Comment by vidarh

1 month ago

> (there is no singular thread behind my comment. I think we probably have more in agreement than not, and its more a question of finding the precise words to declare the shapes we perceive.)

I moved this up top, because I agree, despite the length of the below:

> However, the current hype cycle has created expectations of reliability from LLMs that drive 'Automated Intelligence' styled workflows.

Because for a lot of things it works. Today. I have a setup doing mostly autonomous software development. I set direction. I don't even write specs. It's not foolproof yet by any means - that is on the edge of what is doable today. Dial it back just a little bit, and I have projects in production that are mostly AI written, that have passed through rigorous reviews from human developers.

The key thing is that you can't "vibecode" that. I'm sure we agree there.

There needs to be a rigorous process behind it, and I think we'll agree on that too.

Those processes are largely the same as the processes required for human developers. Only for human developers we leave a lot of that process "squishy" and under-specified.

We trust our human developers to mostly do the right thing, even though many don't, and to not need written checklists and controls, even though many do.

What is coming out of this is a start of systems that codify processes that are very much feels based with human teams. Partly because we still need to codify them for AI, but also because we can - most people wouldn't want to work in the kind of regimented environment we can enforce on AI.

Sure, there is a lot of hype from people who just want to throw random prompts at an LLM and get finished software out. That is idiocy. Even a super-intelligent future AI can't read minds.

But there are a lot of people building harnesses to wrap these LLMs in process and rigor to squeeze as much reliability as possible from them, and it turns out you can leverage human organisational knowledge to get surprisingly far in that respect.

> Because for a lot of things it works. Today. I have a setup

> There needs to be a rigorous process behind it, and I think we'll agree on that too.

I would simplify it to: “I have a setup” is the part that is doing the actual heavy lifting.

From my very unscientific survey / extensive pestering of network, the only people getting lift out of AI are people with both domain expertise/experience and familiarity with the tooling.

The types of automation I see people wanting though are fully automated customer support systems, fully automated document review - essentially white collar dark factories. (Hey thats a good term). The need is for a process that is stable, and behaves the same way every time.

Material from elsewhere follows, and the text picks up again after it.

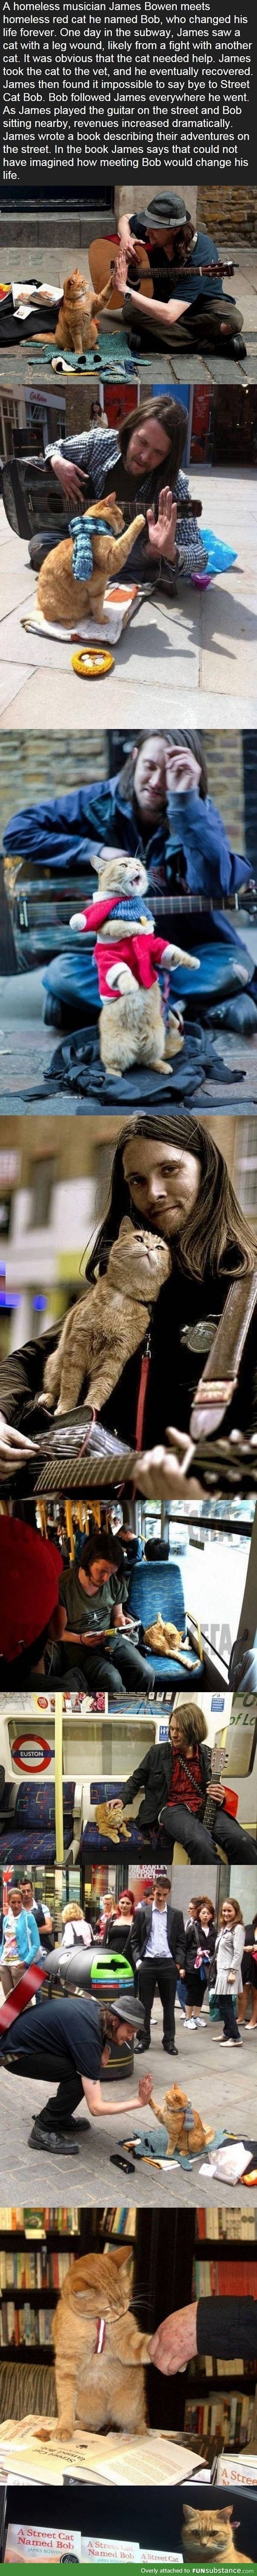 Homeless Musician and his Cat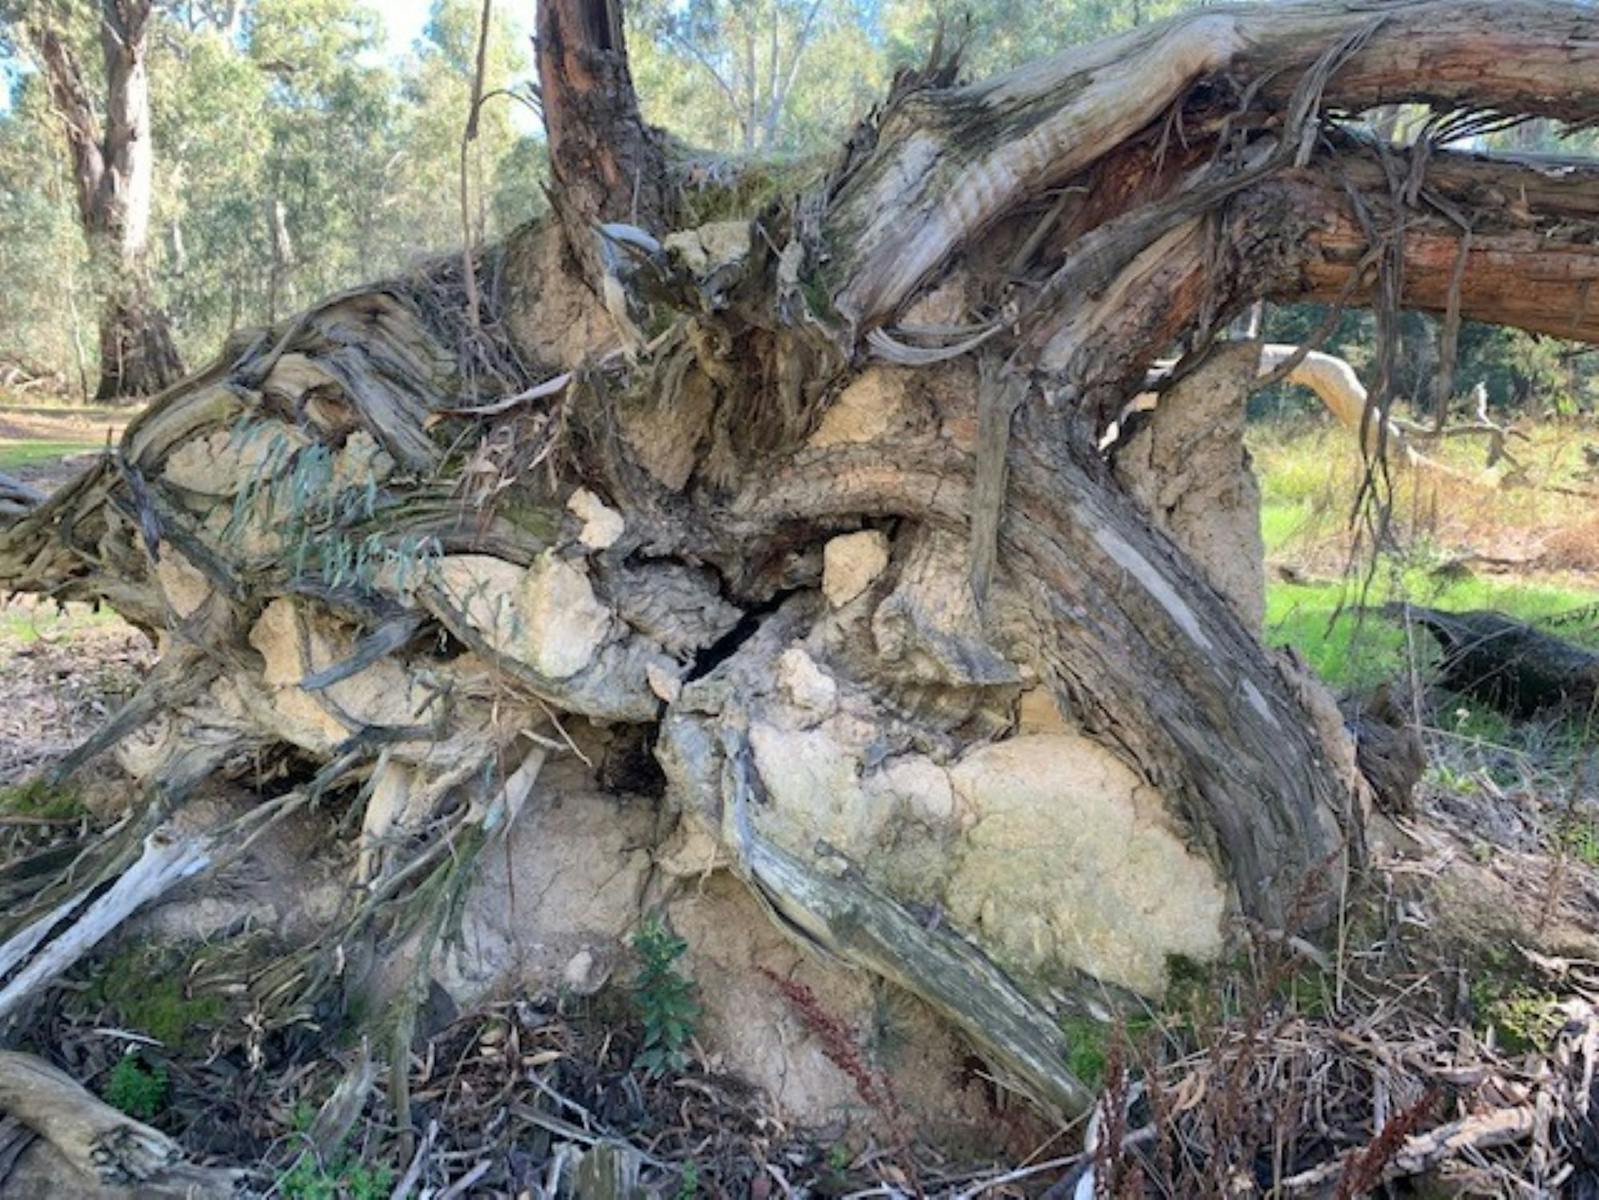 Root system of fallen tree, clay, dirt, dried leaves, branches, bark, sunshine, grass, trees

It seems actual AI use cases are more like sketching - if you have enough skill you can make out the rough sketch is unbalanced and won’t resolve into a good final piece. Non experts spend far more time exploring dead ends because they don’t have the experience.

In my opinion, it’s a force multiplier for experts or stable processes, and it’s presented as Intelligence.

I feel your examples fit within these boundaries as well as the ones you have described.

  • I would agree with all of this. We could argue over whether/when there's sufficient intelligence for fully autonomous systems, but those systems will keep being tools for experts for the foreseeable future, and the question is just how small or large the autonomous components of that are, not whether or not you still need experts to wield them.